4. Turbocharge logistics flexibility

    • Work with authorities to understand potential lockdown areas and how you will be able to deliver in those areas.
    • Revisit your transport and delivery plan with a focus on getting stock as close to stores as possible. You may need to switch tactics completely, by delivering directly to stores vs. distribution centers, for example.
    • Free up freight capacity by stopping planned deliveries of nonessential categories and aggressively enforcing minimum order quantities for freight. If short on capacity, work with retailers to see if near-term backhaul or customer pickup opportunities are available.
    • Work with your logistics providers, or even your competitors, to leverage joint capacity, including exploring third-party on-demand logistics providers or less-than-truckload (LTL) flexible distribution options.
    • Try to use different logistics providers for different warehouses and distribution centers, as segmenting transport flows helps mitigate the risk of transmission. 
    • Ensure that external logistics partners (such as delivery fleets) adhere to elevated hygiene standards, and sanitize trucks and vans as needed.
    • Be agile with logistics. Consider moving inventory around your own network or out of customer warehouses if needed elsewhere.

5. Stay close to customers while adjusting to demand

    • In critical channels, make your account managers available for real-time, spontaneous customer conversations. Customers will expect a new level of closeness and more frequent communication.
    • Shift the focus of key account management from traditional buying negotiations to ensuring the continuity of supply. For the most critical categories and customers, this could mean making temporary compromises, such as loosening accounts receivable terms. For retailers, this could mean adjusting to short-term measures, such as lifting on-time, in-full fines.
    • Work within agile, multifunctional teams (virtually, if in-person colocation becomes impossible) to quickly resolve pain points and bottlenecks and offer creative, resourceful solutions to clients. For example, swiftly transmit customer order information to S&OP to adjust production plans. Brainstorm with the logistics team to come up with alternative delivery mechanisms for customer distribution centers in affected areas. Agree with the manufacturing team to produce larger batches of specific SKUs to increase product availability. 
    • Accelerate online retail. Categories moving online during the outbreak are likely to move there for the long term. This means shifting toward pack sizes that are fit-for-purpose for online sales. For some brands, this will be a turning point to fully embrace online channels. Others will go one step further and consider auto-replenishment features.
    • Within online retail, keep a close eye on third-party sellers that may capitalize on the health crisis by reselling your goods at inflated prices. Leverage your strong customer relationships to curtail such price gouging as swiftly as possible.
    • In certain categories, focus on larger pack types or bulk buying to adjust to purchase patterns.
    • Control pricing and promotions. Reset promotion levels at typical category averages to avoid burning up budgets unnecessarily. For sensitive product categories such as disinfectant, medical supplies and hand sanitizer, consider ceasing promotional activity. (In certain countries, the prices for these items are fixed by the government.)
    • Repurpose time and energy that you might have spent on pricing/promotion conversations to broader supply-focused topics.
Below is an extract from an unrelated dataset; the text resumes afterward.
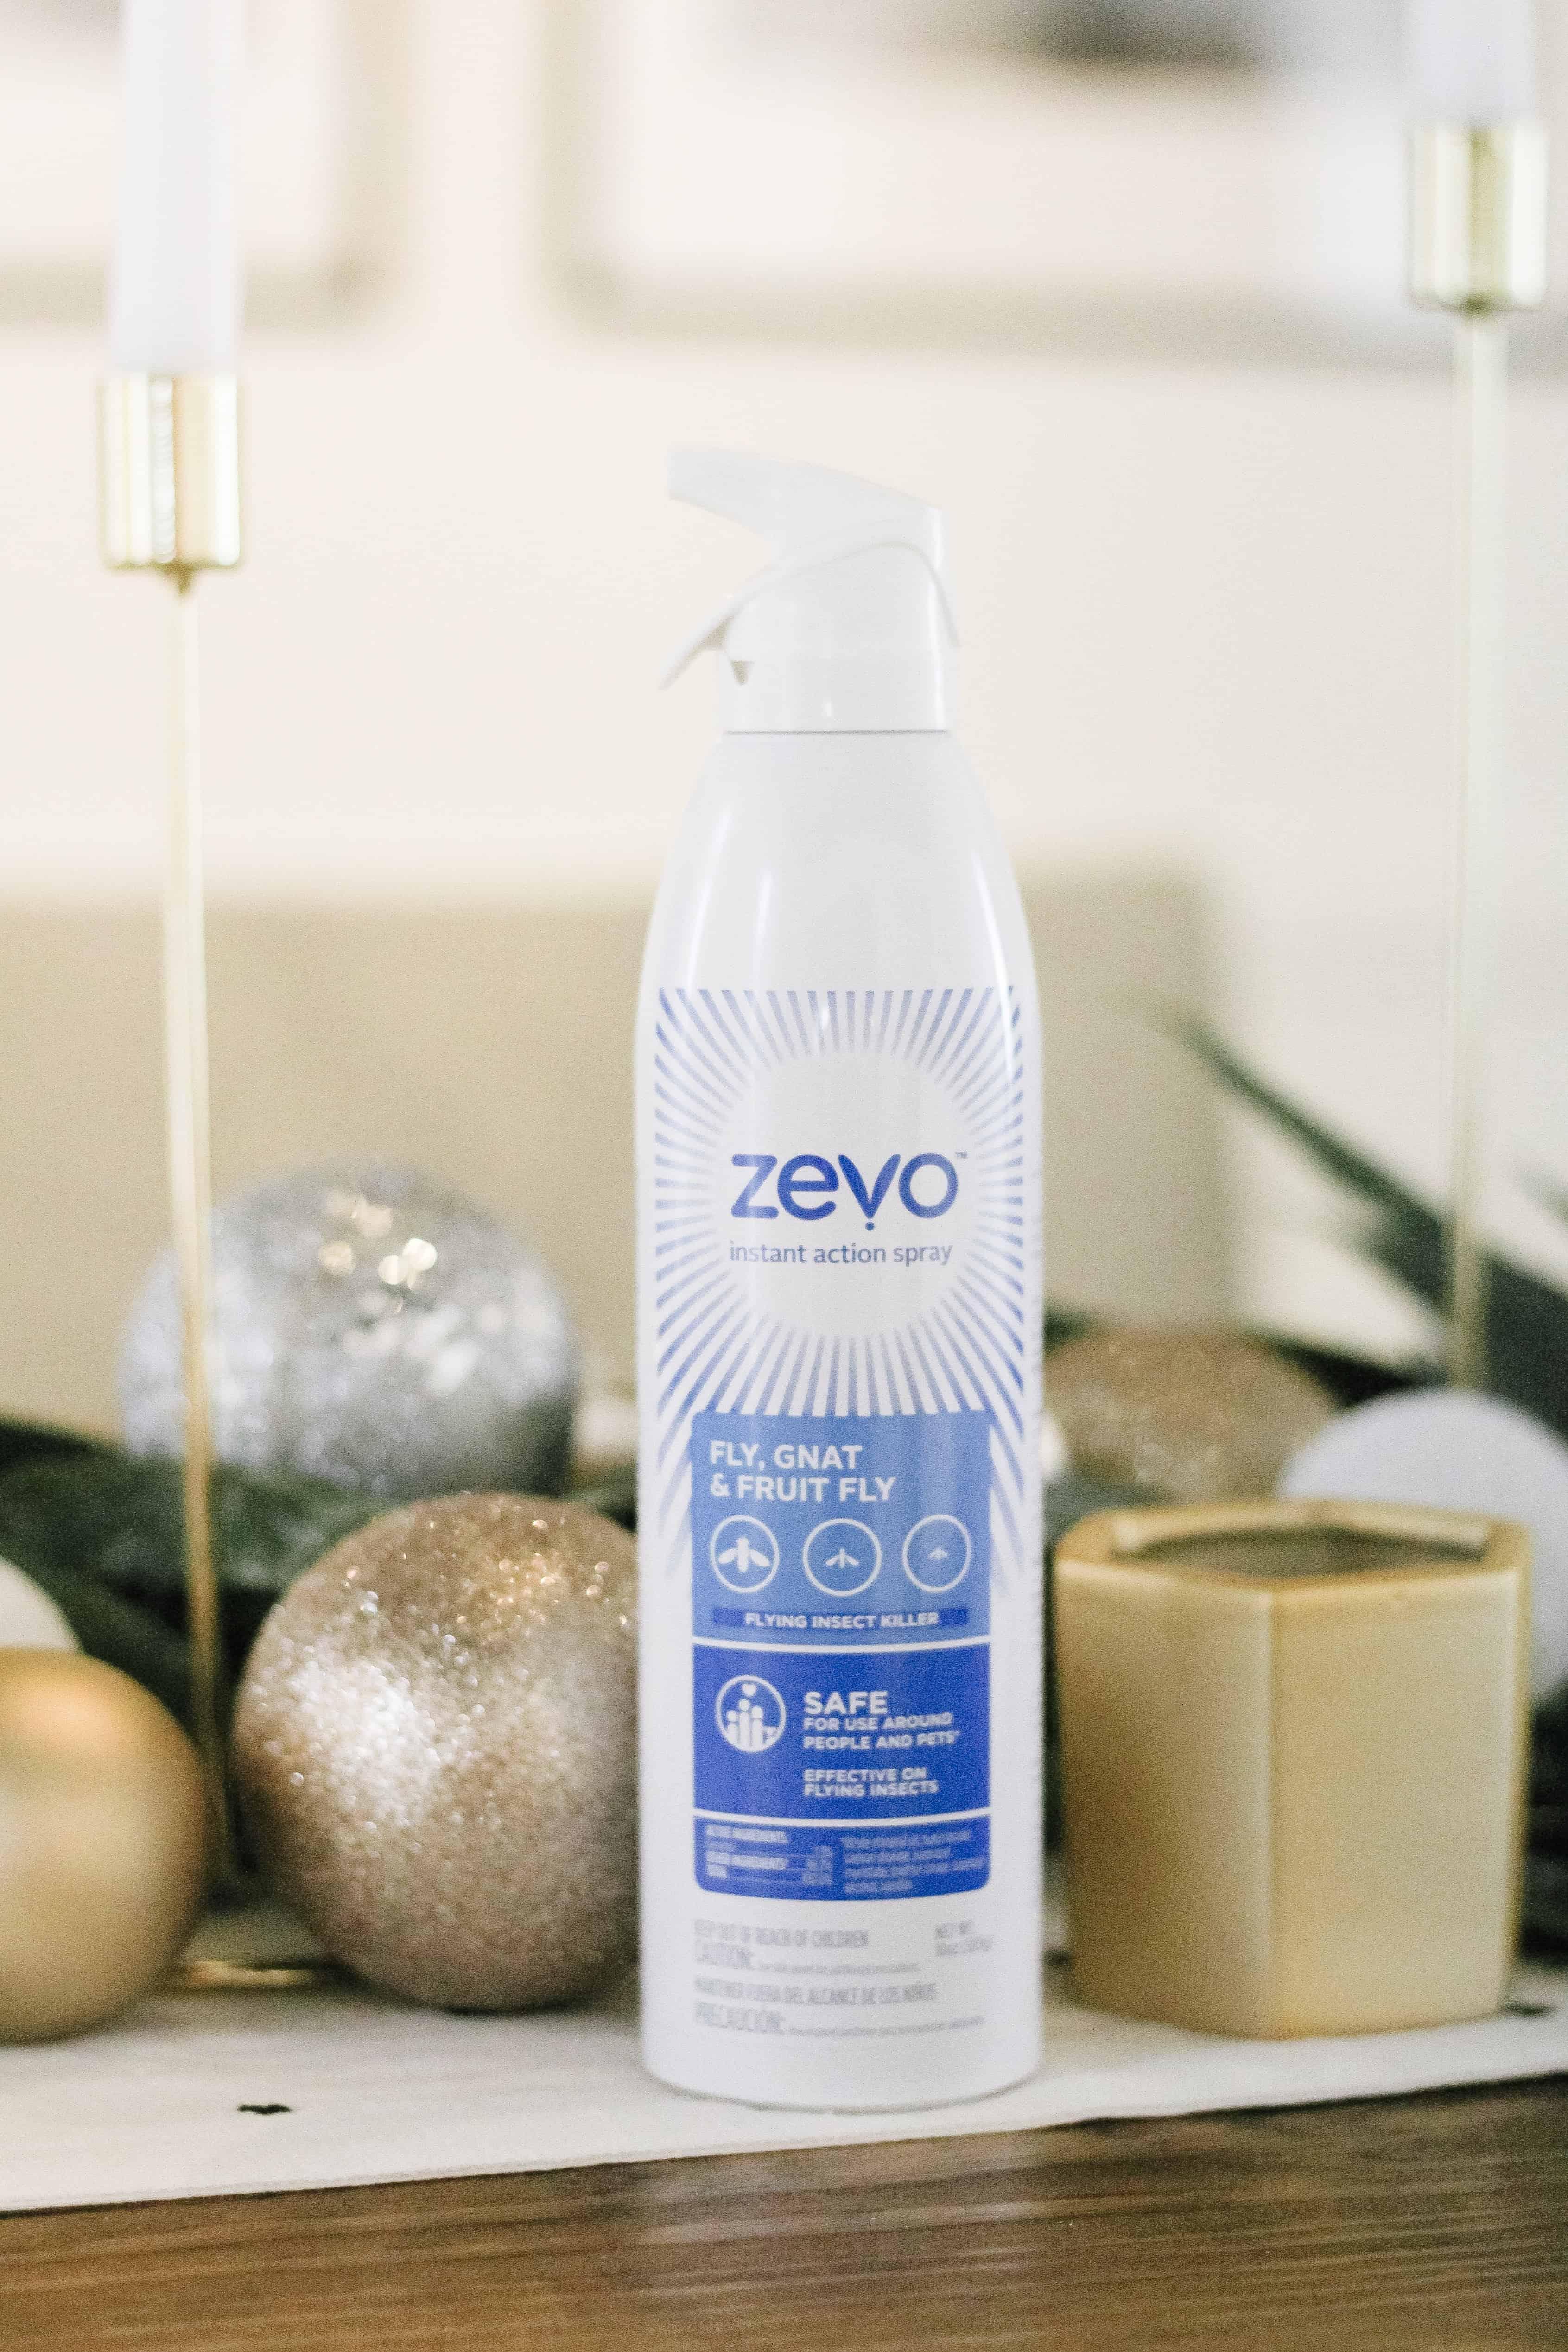 bottle of Zevo Bug spray on a table

Doing what it takes to help often-vulnerable retailers succeed and maintain stock during the crisis can pay dividends in future customer relationships.
    • Stay close to on-trade customers and wholesalers particularly, as they are likely suffering. Consumer goods companies serving the on-trade channel face a tricky situation. They need to balance conservative credit policies aimed at minimizing future losses with a policy of extending a lifeline to the out-of-home customers and distributors that may face bad debt fallouts in the near future. This is an opportunity to closely examine your customer network and determine which relationships to preserve in a worst-case scenario. Similarly, recognize that mom-and-pop shops may also be at risk, given cash flow shortages.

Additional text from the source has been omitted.